Here the expectation $\hat{\mathbb{E}}_t[\cdot]$ indicates the empirical average over a finite batch of samples, in an algorithm that alternates between sampling and optimisation. Performing multiple steps of optimisation on this objective function using the same trajectory is not well justified. Empirically, it often leads to desctructively large policy updates. Vanilla policy gradients have no mechanism to prevent the new policy from collapsing far away from the old one in just one update. Natural policy gradient methods fix this by constraining how far the policy is allowed to move per update. For example, via explicit KL trust region (TRPO) or implicit clipping (PPO).

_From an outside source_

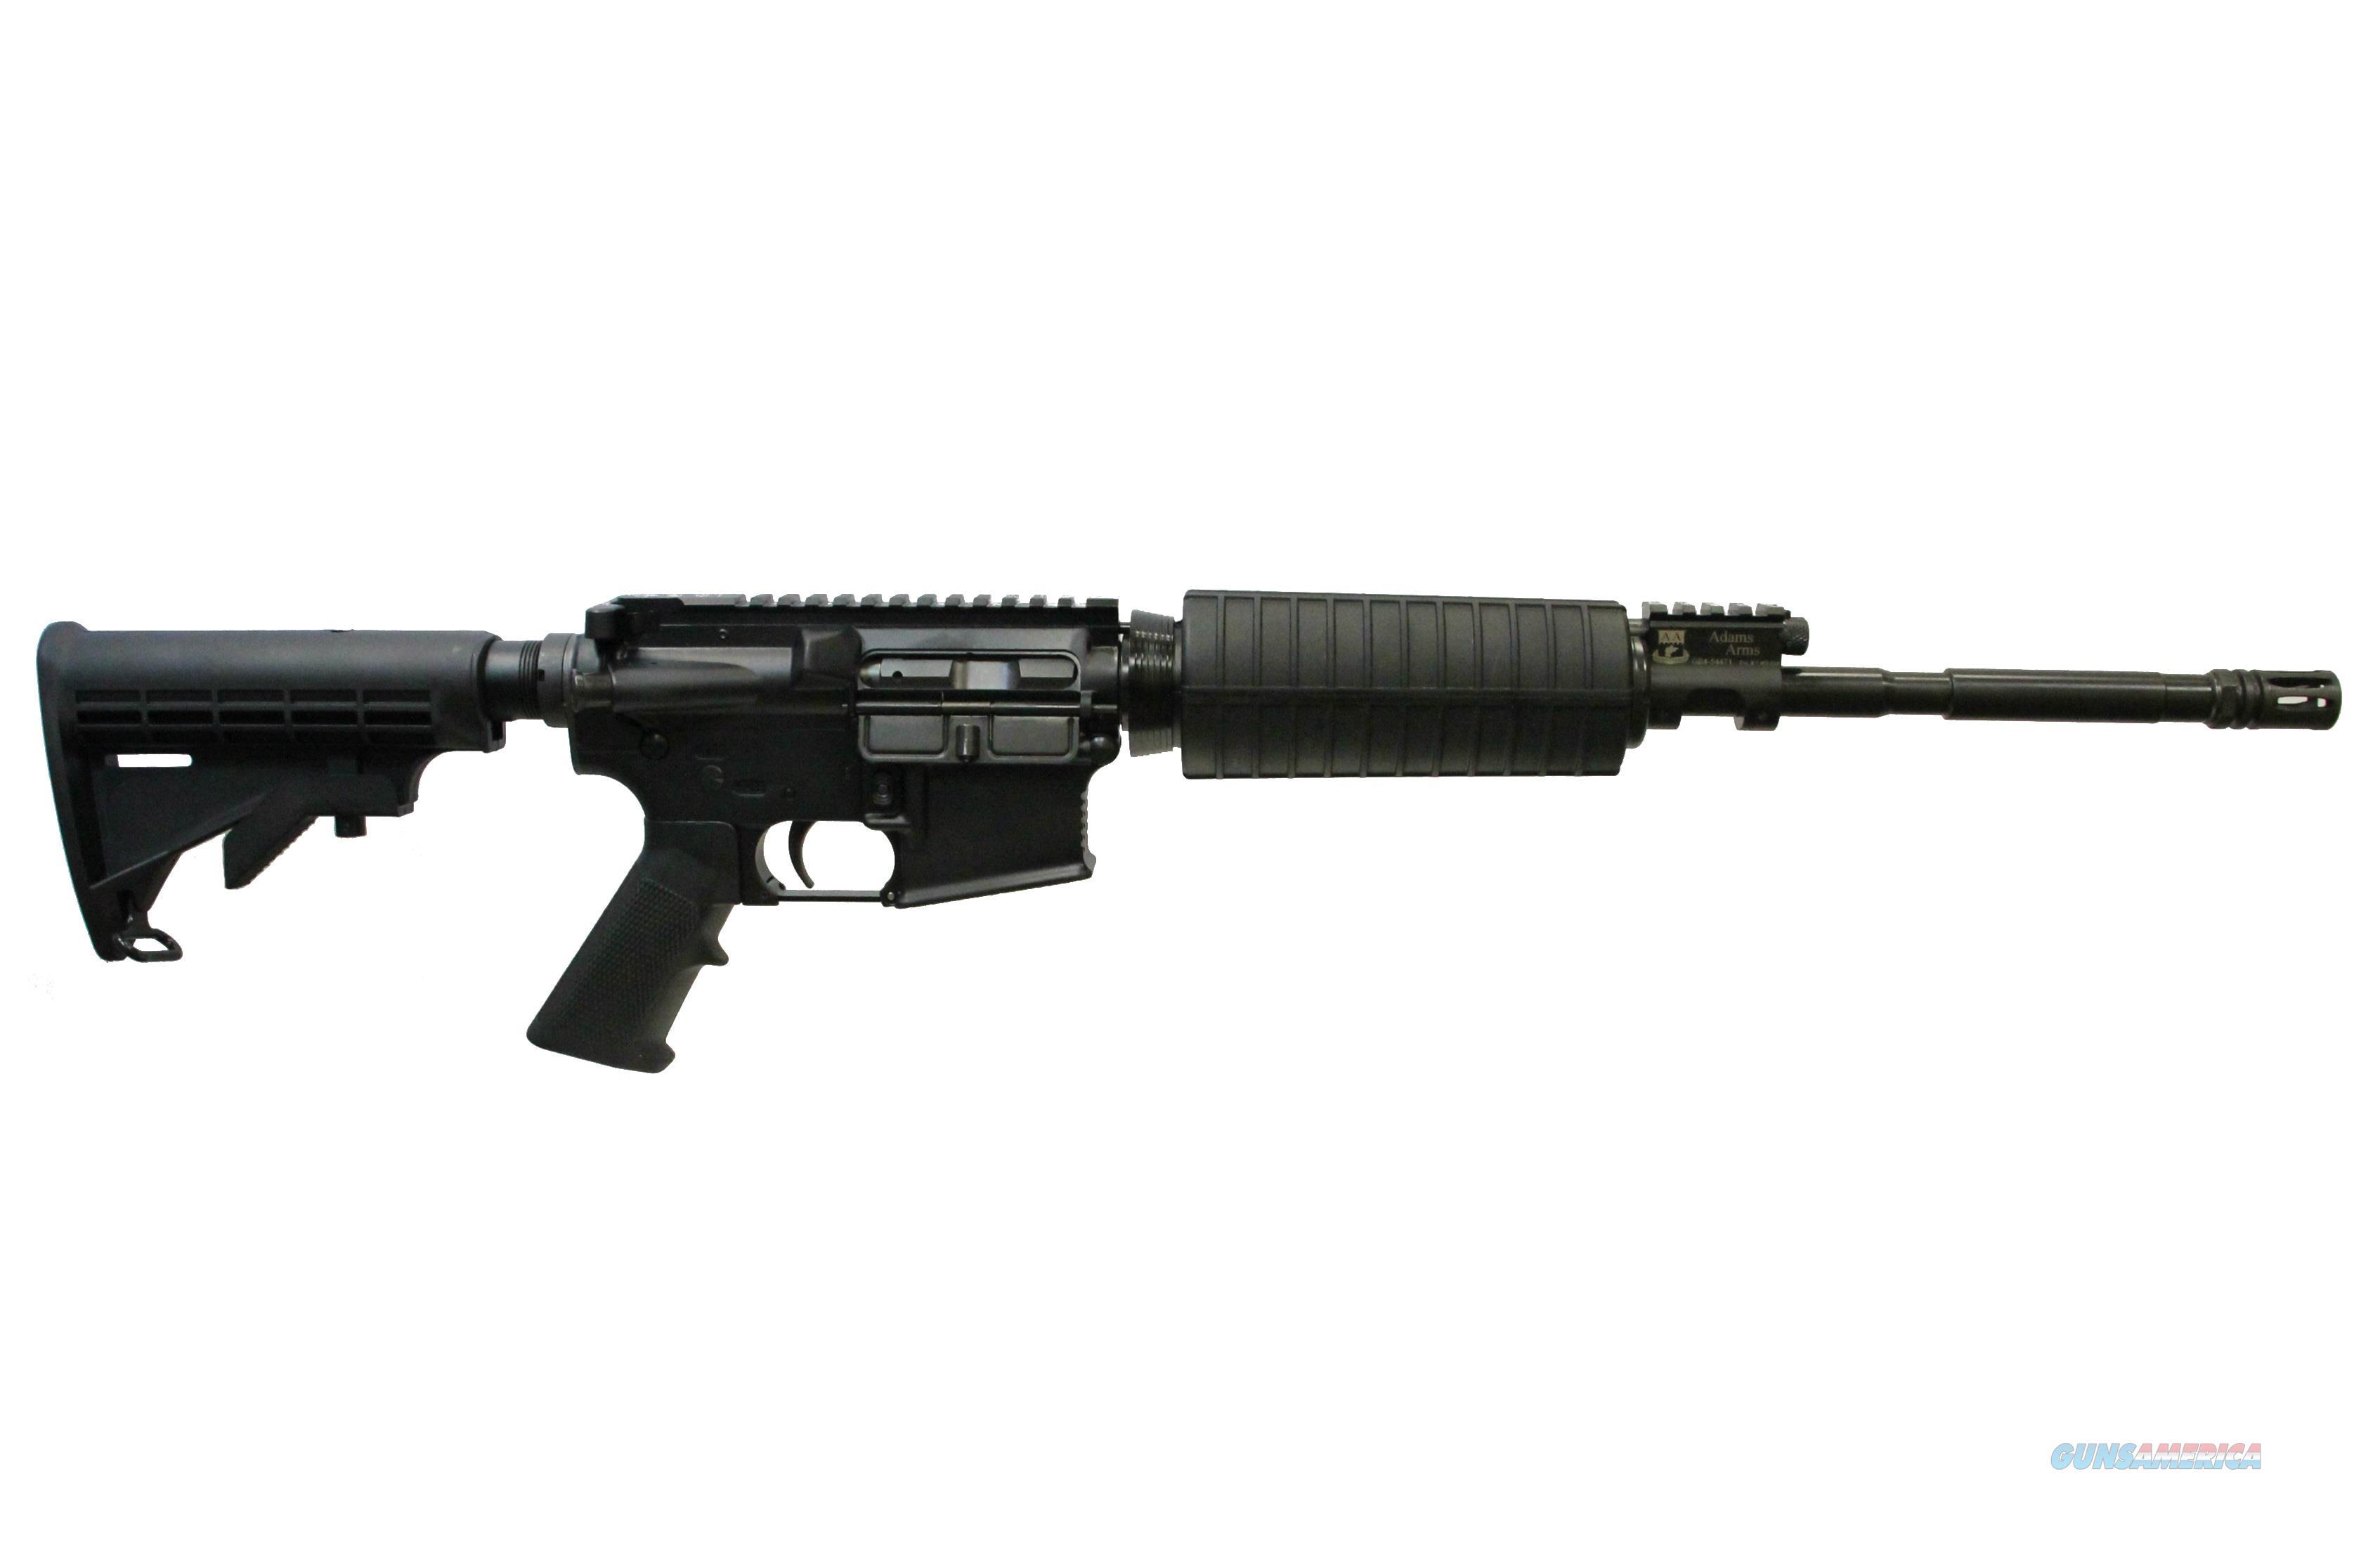 "ADAMS ARMS AGENCY BASE PISTON AR-15 AR15 16"" BLACK SKU: FGAA-001155-R  Guns > Rifles > AR-15 Rifles - Small Manufacturers > Complete Rifle"

Trust Region Policy Optimisation (TRPO)

TRPO updates policies by taking the largest possible step to improve peformance, while satisfying a special constraint on how close new and old policies are allowed to be (following a “trust region”). The constraint is expressed in term os KL-Divergence (a measure of distance between probability distributions). This is different from vanilla policy gradient, which keeps new and old policies close in parameter space instead of the probability distribution space. But even seemingly small differences in parameter space can have very large differences in performance (so a single bad step can collapse the performance). Therefore, we often avoid using large step sizes in vanilla policy gradients. On the other hand, resorting to small step size is sample inefficient (safe but slow, more samples to make progress). TRPO nicely avoids this kind of collapse, and tends to quickly and monotonically improve performance. Similar to REINFORCE, TRPO is an on-policy algorithm and can be used for environments with discrete and continuous action spaces. In general, given a policy $\pi_{\theta}$, we can formulate a TRPO update based on an objective surrogate advantage $\mathcal{L}(\theta_k, \theta)$ (how a new policy performs relative to the old policy $\pi_{\theta_k}$ based on an advantage function $A^{\pi}(s, a) = Q^{\pi}(s, a) - V^{\pi}(s)$) and a KL-divergence constraint between policies $\bar{D}_{KL}(\theta | \theta_k)$.

\[\theta_{k+1} = \arg\max_{\theta} \mathcal{L}(\theta_k, \theta) \quad \text{s.t.} \quad \bar{D}_{KL}(\theta \| \theta_k) \leq \delta\] \[\mathcal{L}(\theta_k, \theta) = \mathbb{E}_{s, a \sim \pi_{\theta_k}} \bigg[ \frac{\pi_{\theta}(a \mid s)}{\pi_{\theta_k}(a \mid s)} A^{\pi_{\theta_k}}(s, a) \bigg]\] \[\bar{D}_{KL}(\theta \| \theta_k) = \mathbb{E}_{\pi_{\theta_k}} [D_{KL} (\pi_{\theta}(\cdot \mid s) \| \pi_{\theta_k}(\cdot \mid s))]\]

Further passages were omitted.